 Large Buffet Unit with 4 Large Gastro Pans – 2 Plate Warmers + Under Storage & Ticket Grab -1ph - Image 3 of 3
==
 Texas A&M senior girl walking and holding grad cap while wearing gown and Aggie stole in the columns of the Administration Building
* * *
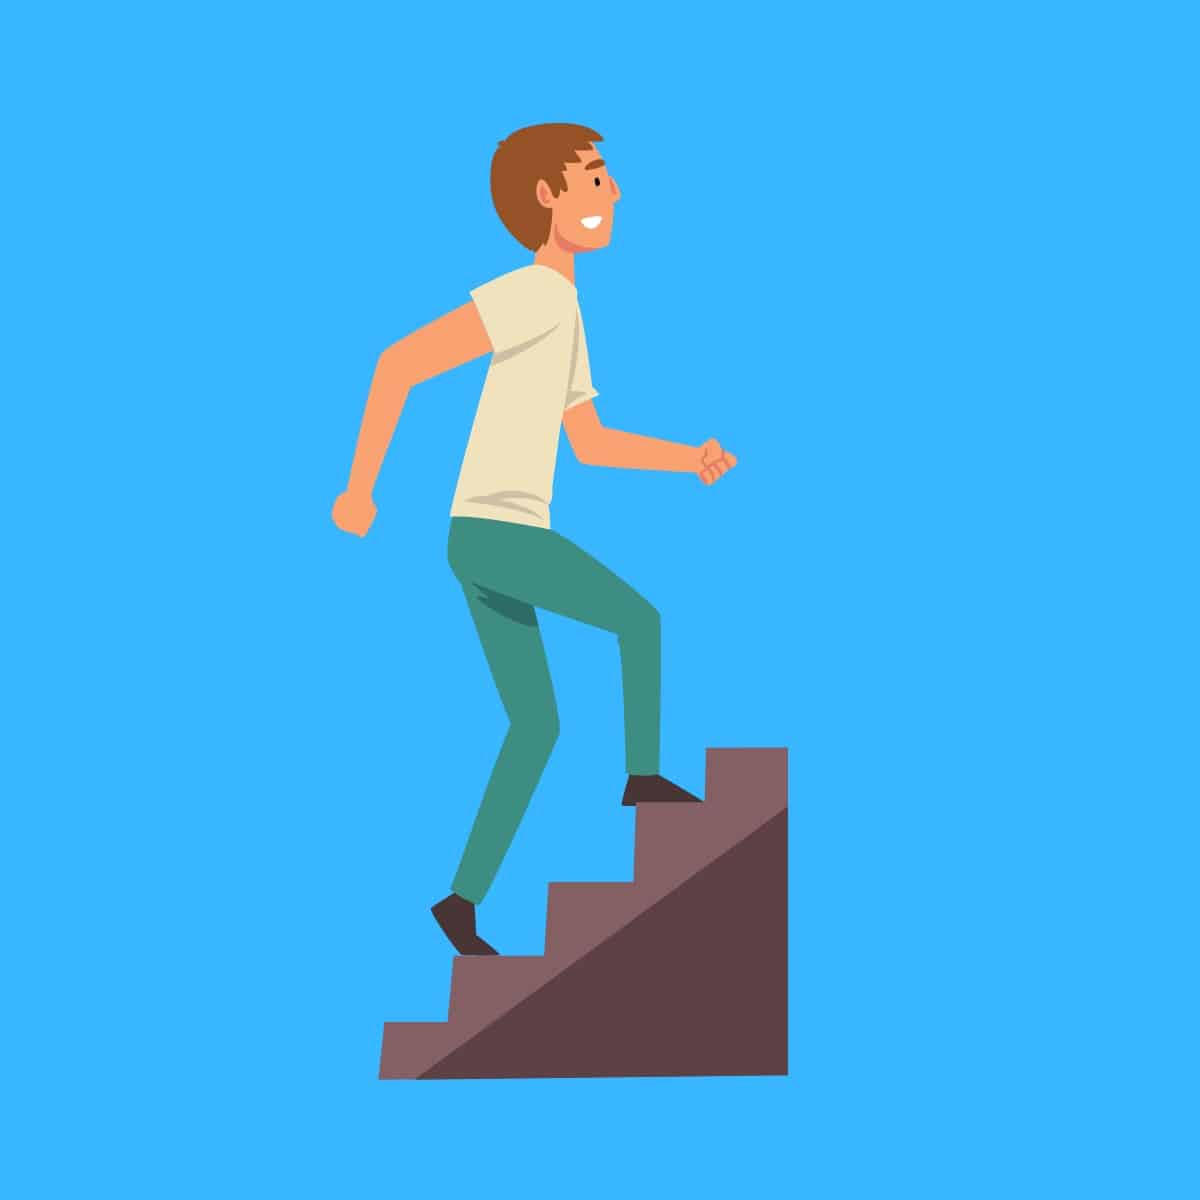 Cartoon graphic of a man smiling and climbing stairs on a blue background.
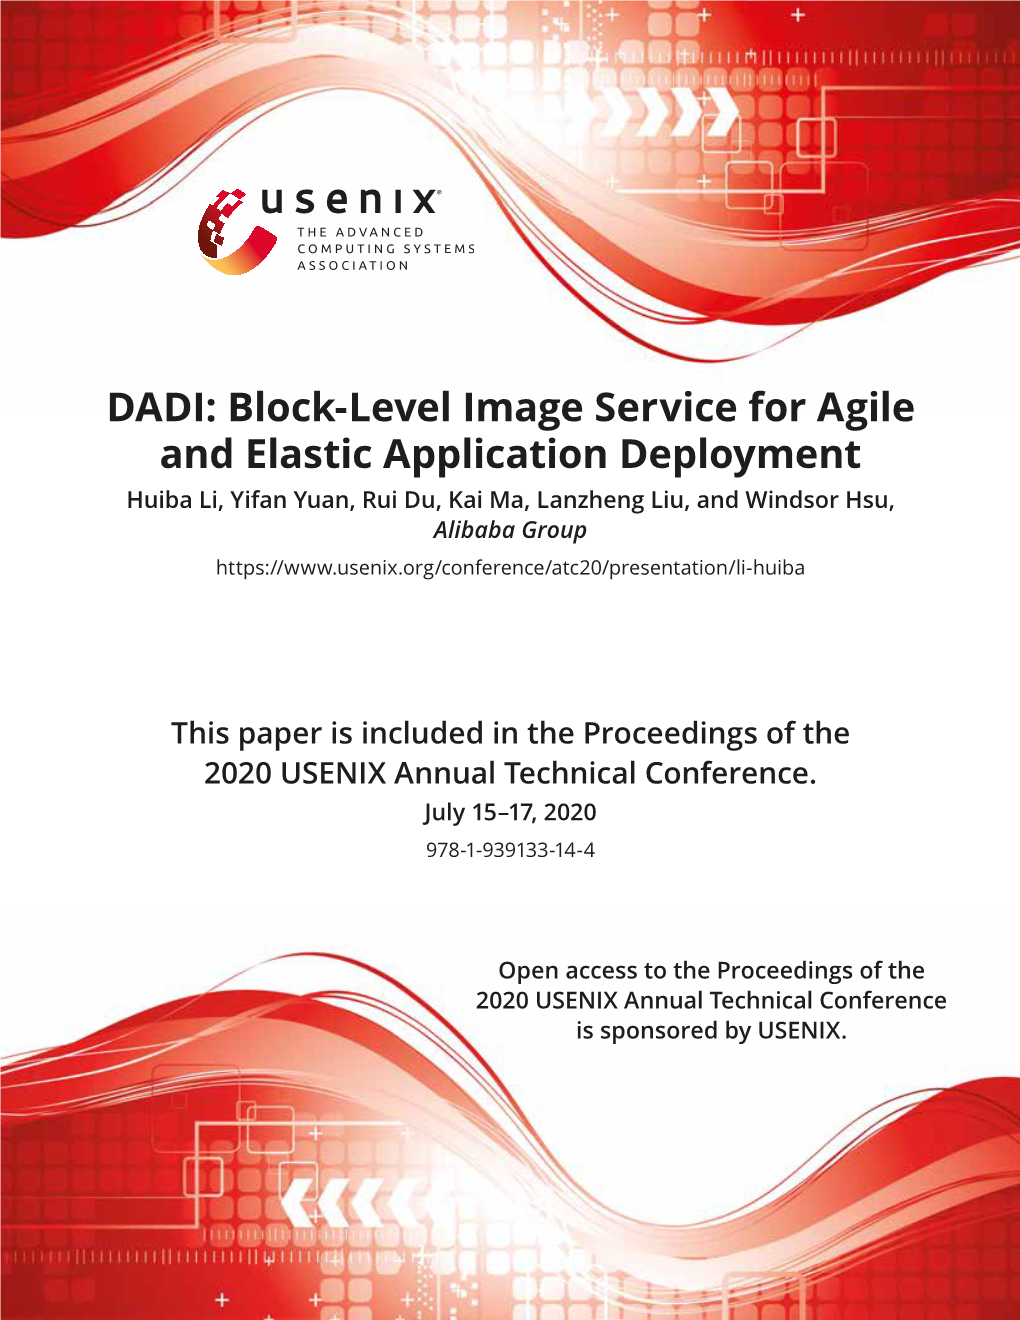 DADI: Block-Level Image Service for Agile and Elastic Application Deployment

■ TRY IT:
Reproduce the listing above exactly from the line containing "Cartoon graphic of" up to and including the line containing "DADI: Block-Level Image", omitting any images and everything outside those lines.

■ OUTPUT FOR THIS EXERCISE:
 Cartoon graphic of a man smiling and climbing stairs on a blue background.
 DADI: Block-Level Image Service for Agile and Elastic Application Deployment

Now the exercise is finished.